■ Activity
Transcribe exactly the lines below that begin at the line with "f8484d95767 ... promo" and stop after the line with "Chiayi Cultural Center", leaving out every picture.

■ Given entries
"""
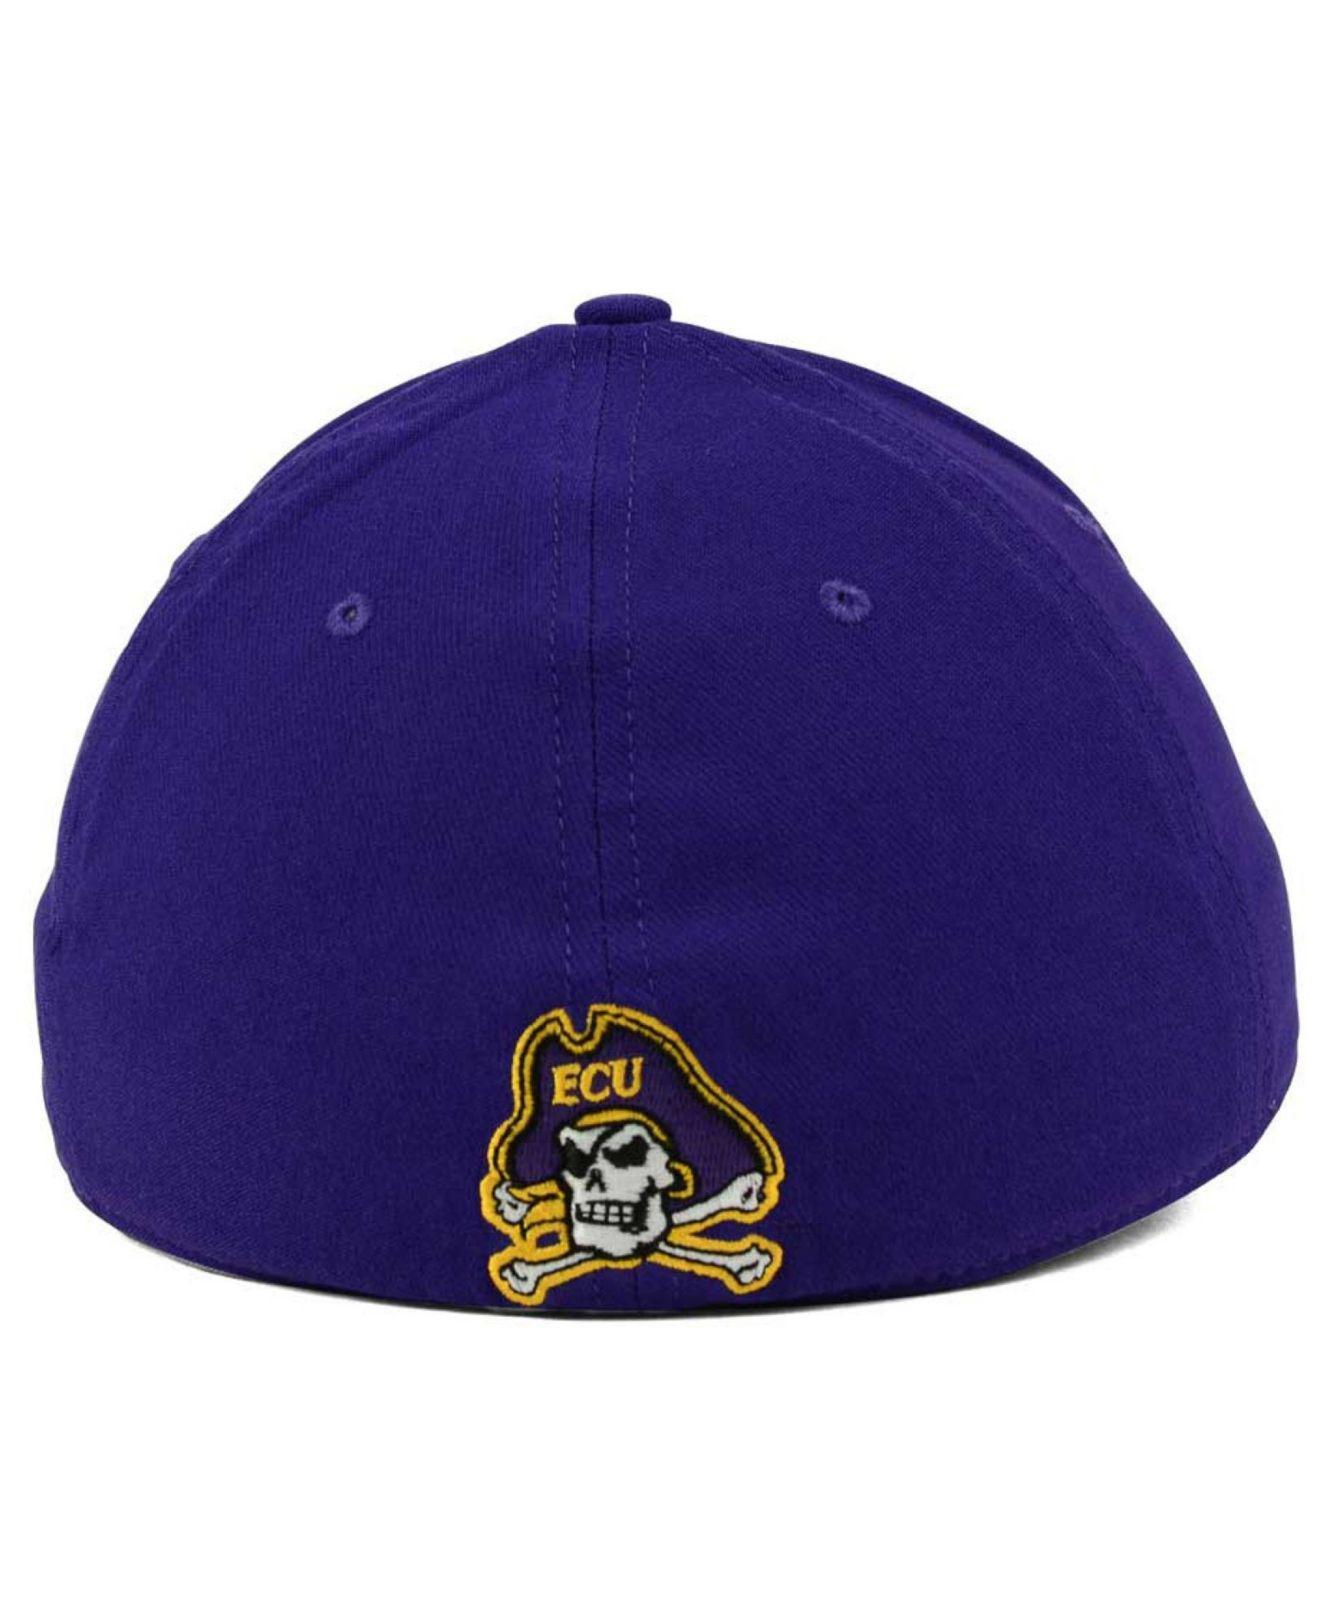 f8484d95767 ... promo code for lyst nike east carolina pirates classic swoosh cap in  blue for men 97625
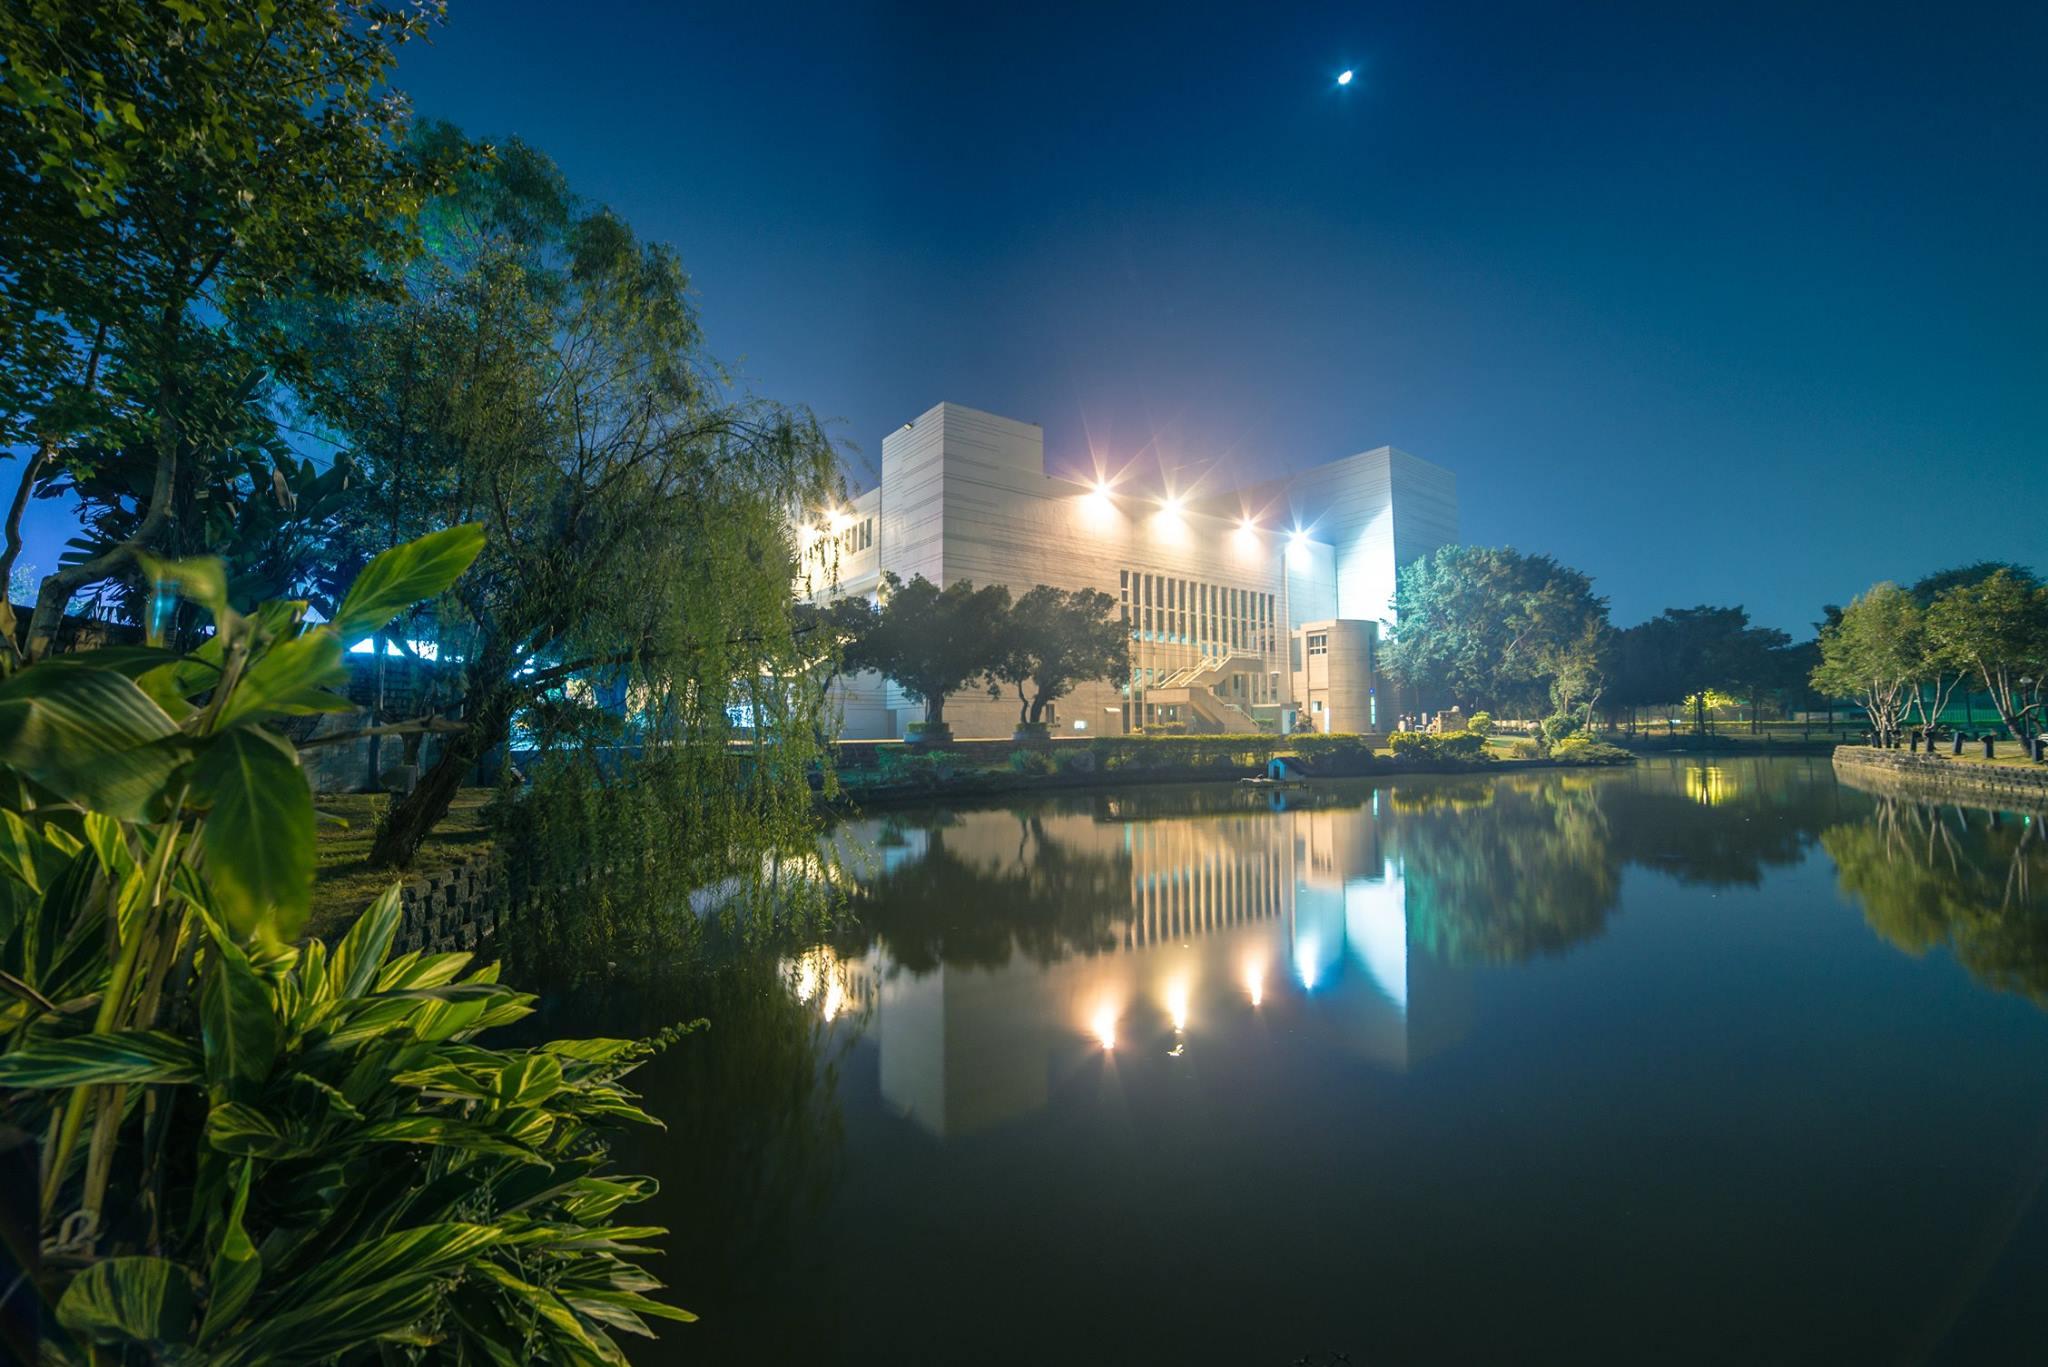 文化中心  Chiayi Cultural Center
"""
"""
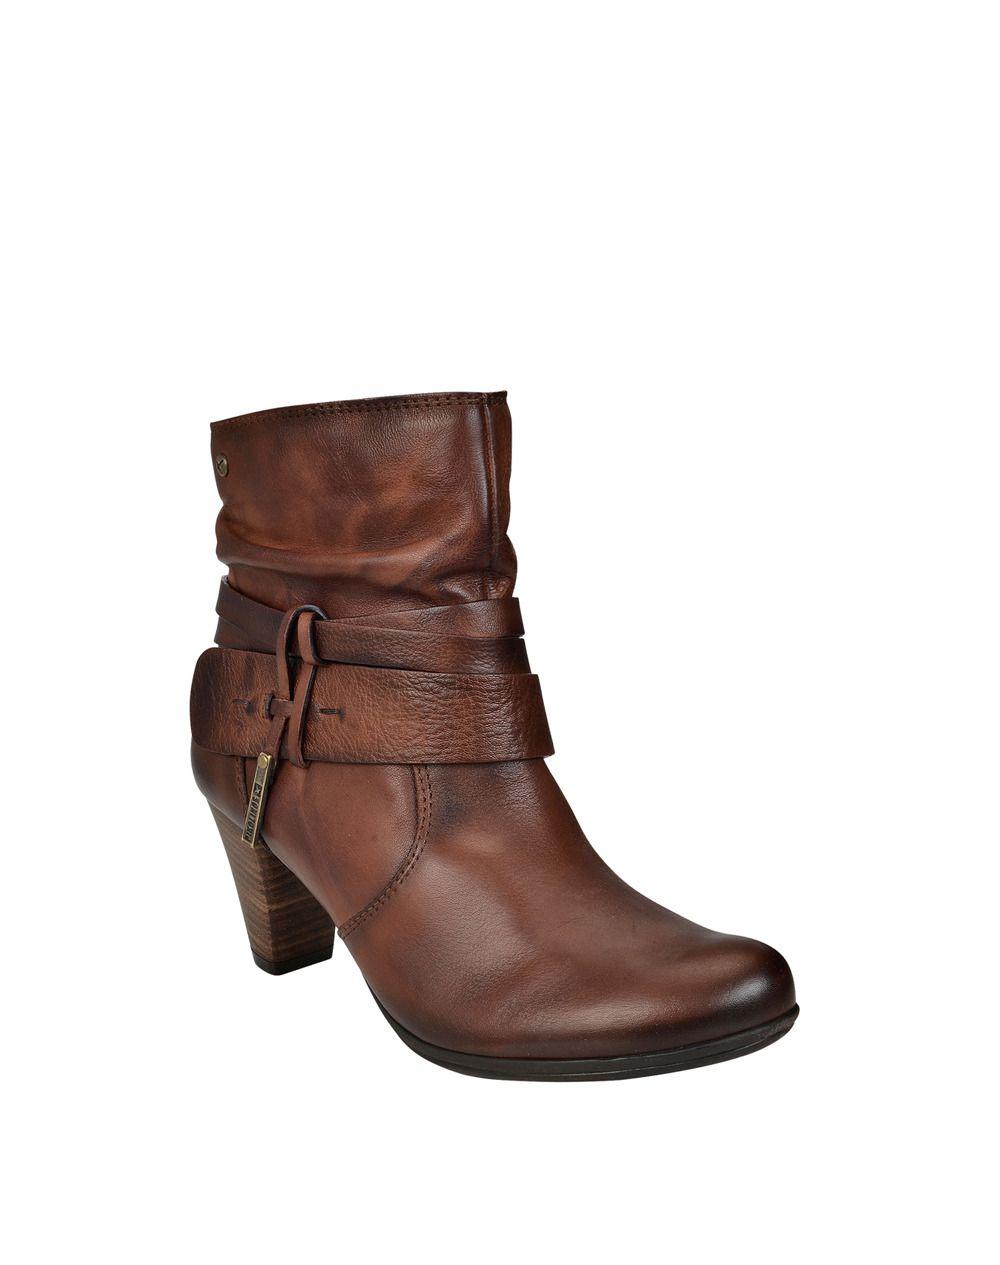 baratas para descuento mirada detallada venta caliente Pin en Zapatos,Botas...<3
"""
■ Written response
 f8484d95767 ... promo code for lyst nike east carolina pirates classic swoosh cap in  blue for men 97625
 文化中心  Chiayi Cultural Center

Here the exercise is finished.